People would steal them. In droves. They would steal entire lines. Just to sell back to House Orien through fences, or to anyone who didn't want the rails running. No matter how many examples House Orien made, there would be hordes of desperate people willing to do it because the act of the theft itself, out in the middle of nowhere, was very low risk. That would pretty much be the end of the rails.

I did not see where the Eberron Campaign Setting book explains why this does not occur. Did I miss it? Did some other book mention it?

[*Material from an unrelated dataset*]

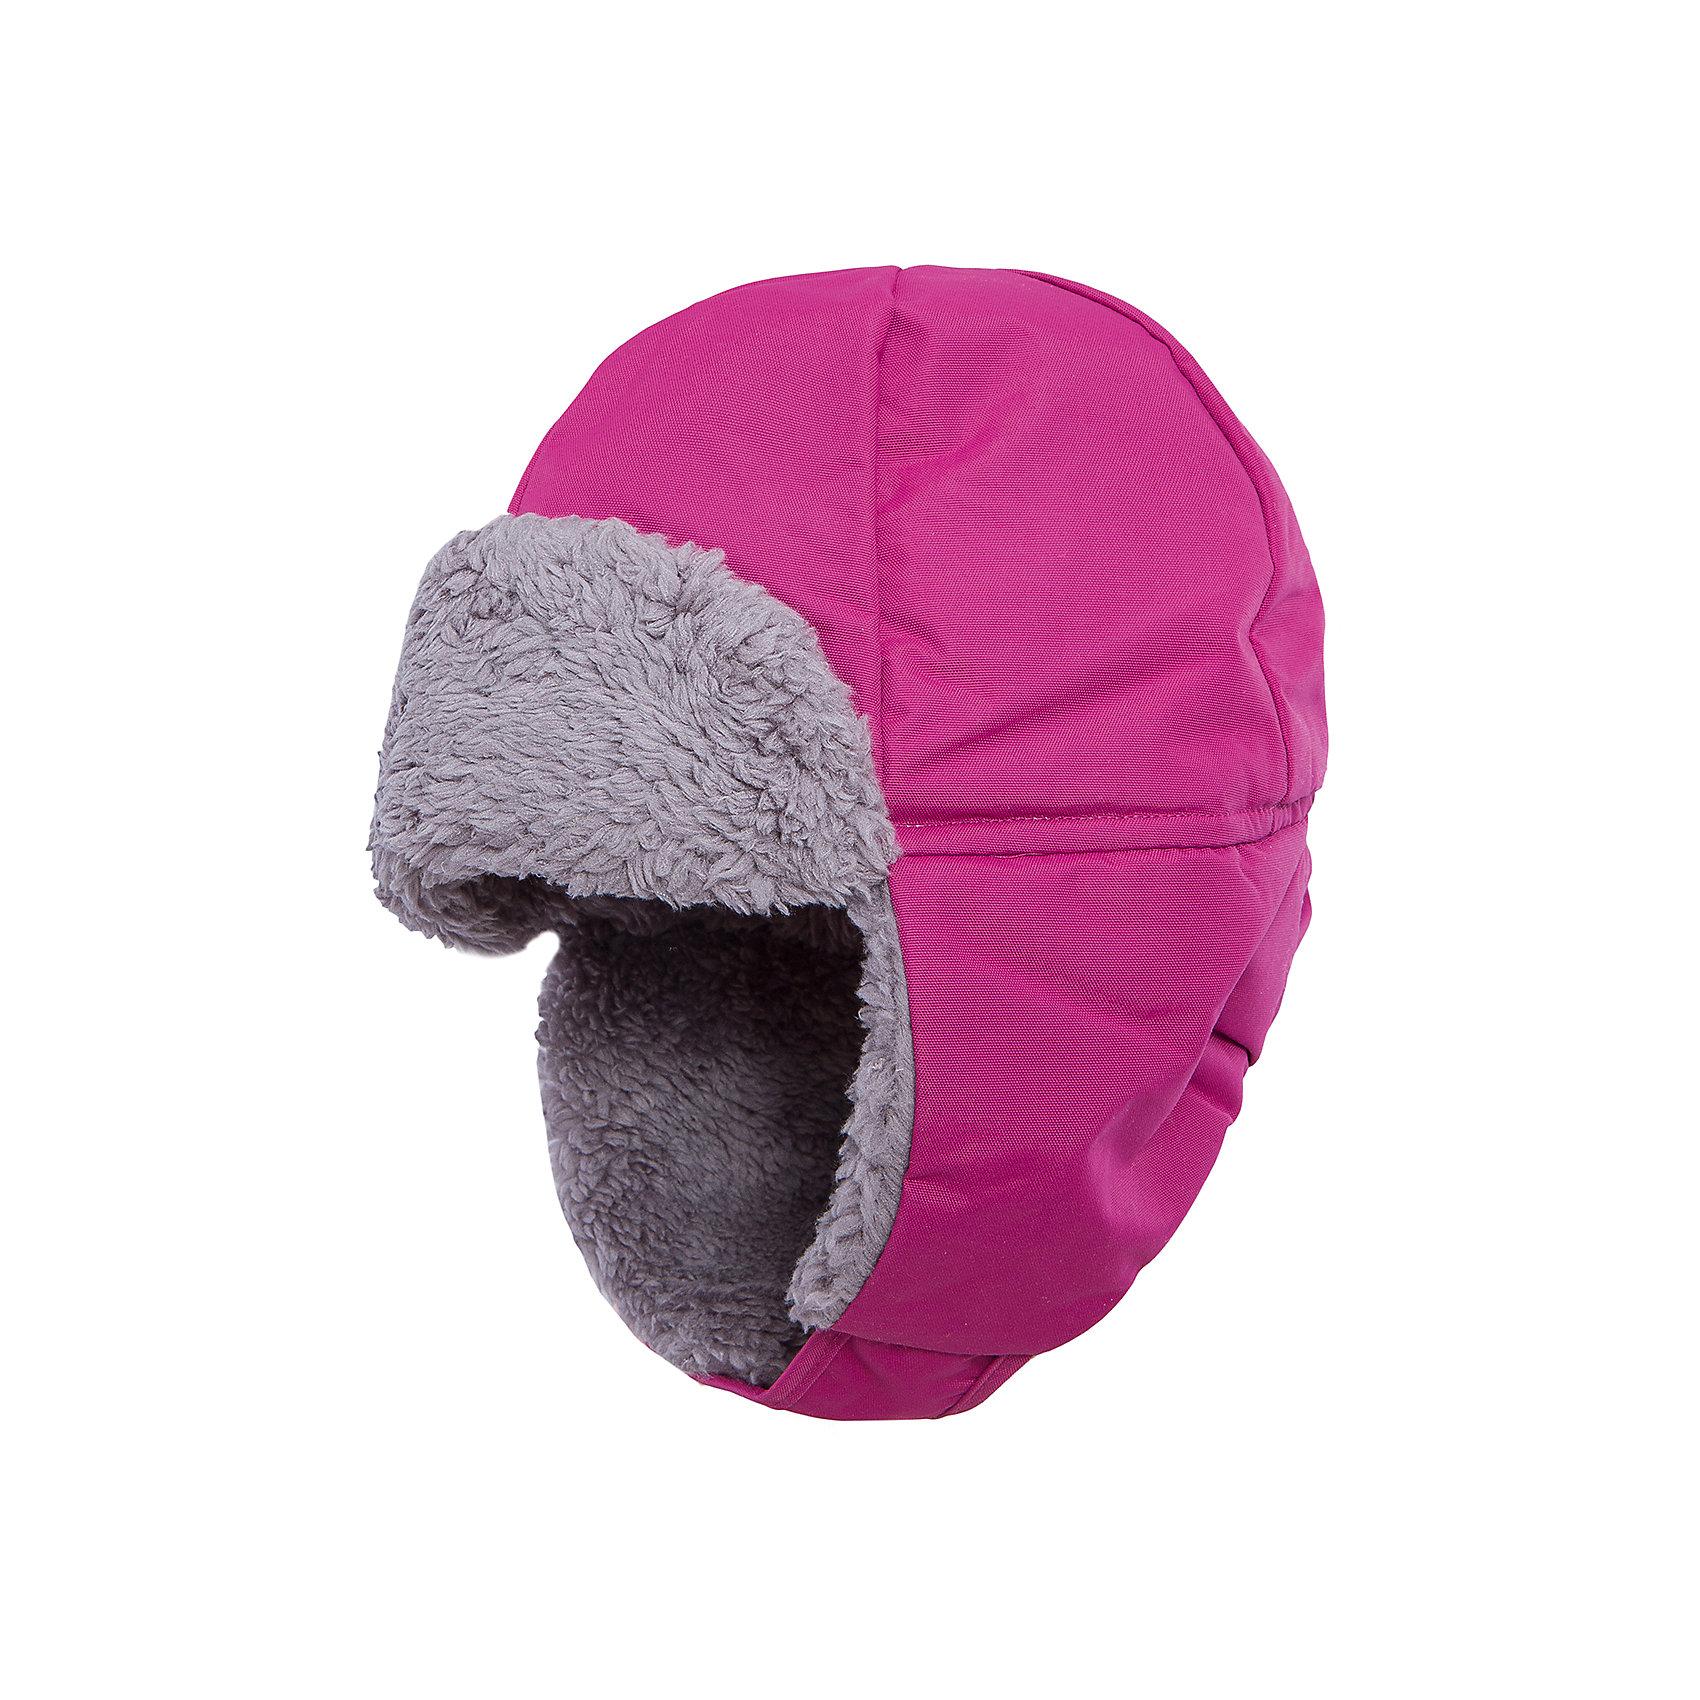 Шапка Biggles для девочки DIDRIKSONSГоловные уборы<br>Характеристики товара:<br><br>• цвет: фуксия<br>• материал: 100% полиамид, подкладка 100% полиэстер<br>• утеплитель: 60 г/м<br>• сезон: зима<br>• температурный режим от +5 до -20С<br>• непромокаемая и непродуваемая мембранная ткань<br>• подкладка из искусственного меха<br>• дополнительная пропитка верха<br>• прокленные швы<br>• застежка: липучка<br>• защита ушей от холода<br>• страна бренда: Швеция<br>• страна производства: Китай<br><br>Такие шапки сейчас на пике молодежной моды! Это не только стильно, но еще и очень комфортно, а также тепло. Эта качественная шапка обеспечит ребенку удобство при прогулках и активном отдыхе зимой. Такая модель от шведского производителя отлично смотрится с разной верхней одеждой.<br>Шапка сшита из мембранной ткани, которая позволяет телу дышать, но при этом не промокает и не продувается. Очень стильная и удобная модель! Изделие качественно выполнено, сделано из безопасных для детей материалов. <br><br>Шапку для девочки от бренда DIDRIKSONS можно купить в нашем интернет-магазине.<br><br>Ширина мм: 89<br>Глубина мм: 117<br>Высота мм: 44<br>Вес г: 155<br>Цвет: лиловый<br>Возраст от месяцев: 96<br>Возраст до месяцев: 120<br>Пол: Женский<br>Возраст: Детский<br>Размер: 56,50,54,52<br>SKU: 5004015

Well, I'd ask the same thing about the rail system here in our world. Someone can take a jaunt over to an isolated portion of the railroad track, rip it out and watch trains crash. So what's stopping hordes of people from calling Amtrak or NTSB and demanding $1,000,000 in unmarked bills?

Yes, we have the FBI and the police. Aundair, on the other hand, has the college of mages (who no doubt have all sorts of divination spells ready for use) and its army, which isn't prohibited from working domestically.

Also keep in mind that railways worked just fine in the late 19th century, when the nation's law enforcement arm had a tiny fraction of the resources they have today.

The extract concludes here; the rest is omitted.